Many of Agard's published writings are children's verse collections or stories. His vocal rhythms, combined with an affinity for word play, puns, and jokes, are appealing to children of all ages. Agard's stories are sometimes retellings or revisions of folk tales and are enlivened by his own sense of the comic and his appreciation for the absurd. His poems concern the elements of everyday life common to children everywhere, made unique by the poet's tendency toward Caribbean dialect and whimsical humor. Agard often writes of Anancy, the trickster spider of folk tradition, and Agard himself has been likened to a trickster of the spoken word.
For beginning readers Agard created The Calypso Alphabet, a book full to the brim with exotic new words and concepts embedded in the musical ambience of Caribbean idiom and illustrated by Jennifer Brent with colors, people, and landscapes which epitomize life in the West Indies. I Din Do Nuttin and Other Poems retains the idiomatic flavor of Agard's verse, while his rhymes describe the ordinary events and people common to all children. Agard's poems also demonstrate his talent for seeing the adult world through the eyes of a child, according to Robert Protherough in the St. James Guide to Children's Writers, and reveal Agard's cleverness at what Protherough described as the "lively turning upside-down of conventional phrases," a device that can be as thought-provoking as it is amusing. Another collection, Grandfather's Old Bruk-a-down Car, explores the relationships between people and the objects they hold dear. Wherever they live, children know someone who would not feel complete without a special object, whether it is a car, a violin, or even a body part. Laughter Is an Egg contains rhymes and riddles for the young reader who welcomes the challenge of a mystery. Solving some of the riddles and untangling the word plays may not be as easy as one might think.
Lest a reader presume that Agard's sole objective as a poet is to entertain, a Junior Bookshelf reviewer of Laughter Is an Egg emphasized that Agard's poetry reveals "a serious man" dedicated to the often difficult art of crafting exceptional poetry. Even in rhymes intended for children Agard uses his work as a vehicle for his thoughts on topical issues and trends.
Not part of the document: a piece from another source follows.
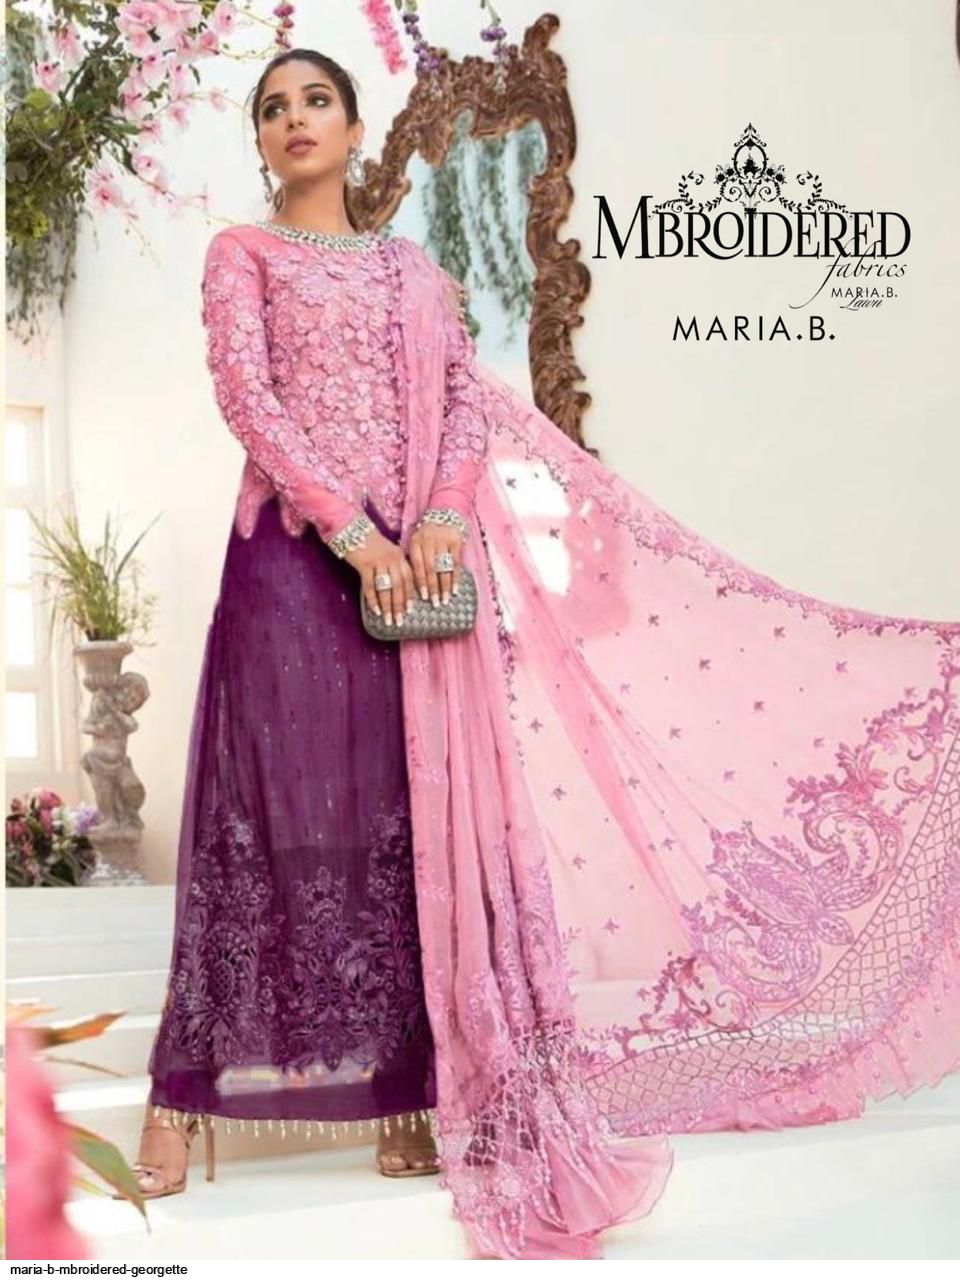 MARIA B MBROIDERED Georgette

No Hickory, No Dickory, No Dock: A Collection of Caribbean Nursery Rhymes, which Agard wrote with fellow Guyanese poet Grace Nichols, contains poems compelling in their musicality, according to a Kirkus Reviews contributor. The selections, both original verse and Caribbean-style parodies of traditional Mother Goose rhymes, are intended for the very young, yet one of Agard's contributions, "Baby-K Rap Rhyme," is a lament for the ecological damage humans have inflicted from one end of our planet to the other. In We Animals Would Like a Word with You he questions in lyrical rhyme the way people treat the world's animals. In his review of the book for the Times Educational Supplement, Josephine Balmer commented that Agard "subverts and invents," ultimately producing "the best that poetry can offer."
For older students, Points of View with Professor Peekaboo addresses a range of contemporary issues, from the majesty of the natural world to the increasing degradation of the environment to the question of genetic identity. Though some reviewers faulted the volume for its uneven poetic quality, in the Times Educational Supplement John Mole cited the work as an "often funny, inventive" collection.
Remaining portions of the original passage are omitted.